Thursday, December 08, 2005

Luke 15:11-31 - The Lost Son and his Pesky Brother


Passage: Luke 15:11-31
Originally Preached: 30/10/05 - 6:30pm Service - St Stephen's Anglican, Belrose
Series: The Father's Heart

Description: Explores the relationship of the Father with his two sons, and how we are like both sons.

Comment: I found this sermon hard because The Prodigal Son is such as "done" passage. So often this passage is taught, and I'm sure people switch off, I do. It's a remarkable passage, a wonderful story of grace. It gives us a great insight into God that we've stopped perceiving because it's shown to us so often. The temptation is to go off track and find some obscure angle out of fear of boring the congregation. I had to fight that idea so that I could preach the passage faithfully, and tell the message that Jesus was telling. I pray that I did that.

The Thursday after I preached this I saw TD Jakes do the same passage in his message at the Superdome. It was different from mine, but it was good. Having just spent hours on it, I was able to appreciate his message better.

It was important to me to focus on the second son, as well as the first, because Jesus focused on him, and he so often gets left out.

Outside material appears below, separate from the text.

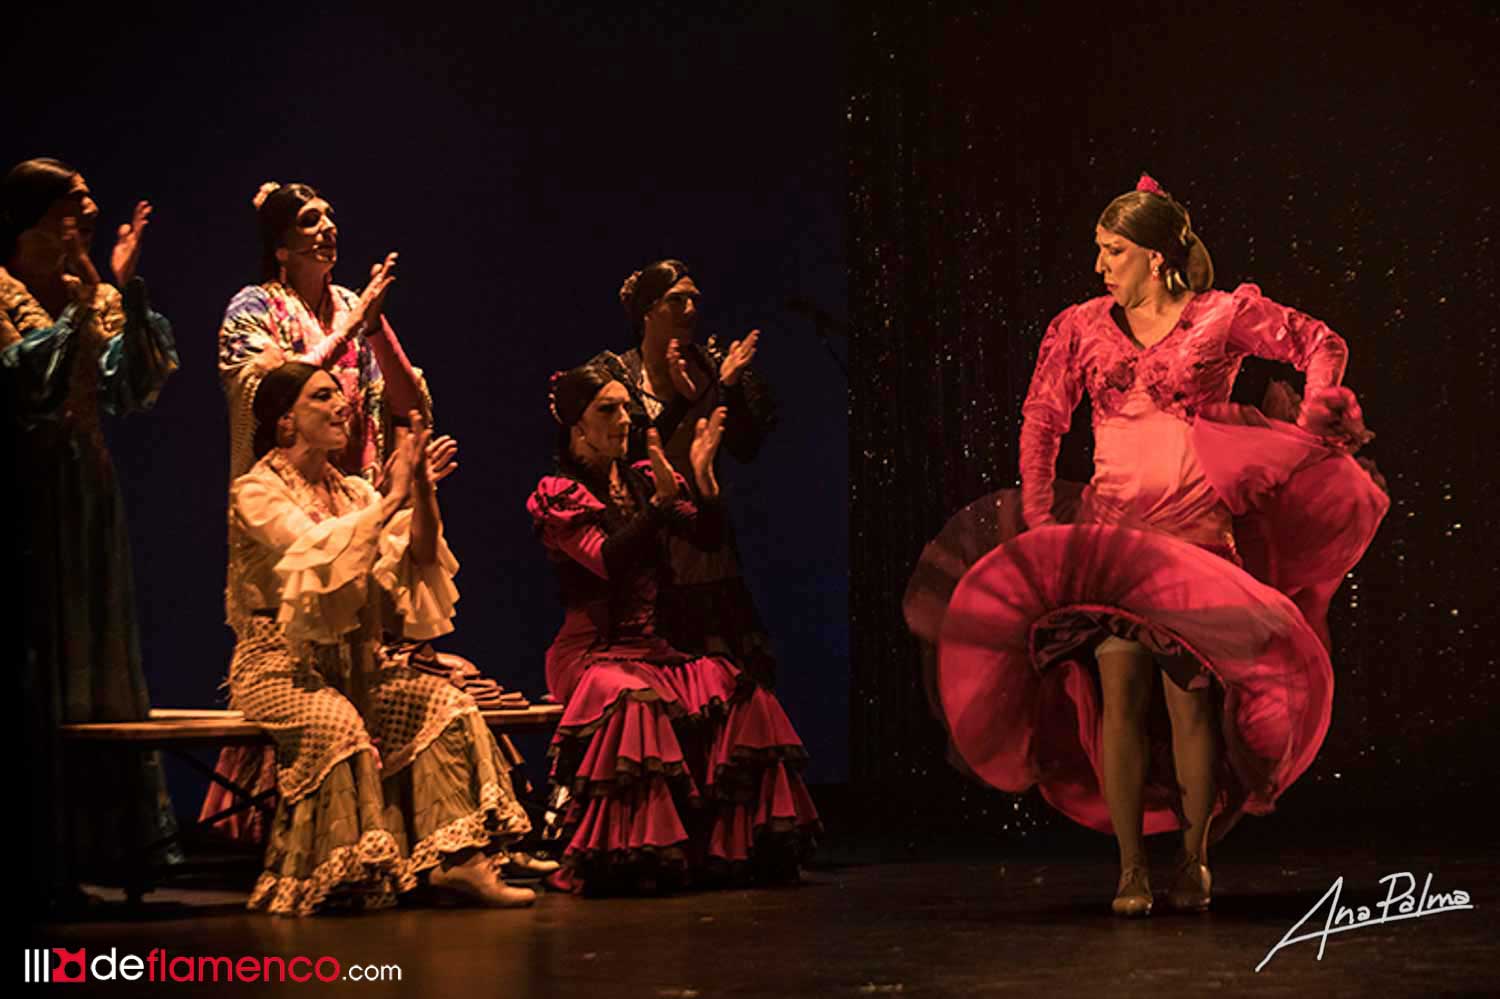 Liñán, orgullo de flamenco

But the second son was representative of the Pharisees, the very people who Jesus was speaking the parable to. So there must be a message it in.

The point that we should be happy however people are saved was a challenging one for me. Challenging because it really is easy for us (me) to get worried about how people come to Christ. So often we are concerned with "correctness" in our faith tradition that we forget where it fits in the list of priorities. I think being correct is important. I think the way we do evangelism is important, we shouldn't try and trick people, or pressure people, tell people a watered down gospel. But if people do make a commitment through those means it does not negate their salvation and it does not mean that the Holy Spirit has not been at work. And even when people make commitments in traditions and churches which are different from ours that doesn't mean God will ignore them.

This sermon was the first time I got an uninvited "Amen" from the audience (or at least an audiable one) and it threw me off. I was happy though. They'll make a penty preacher of me yet!

I'm glad I got to preach this one. God is so good and this story of Jesus' shows it to us perfectly. Yeehaa!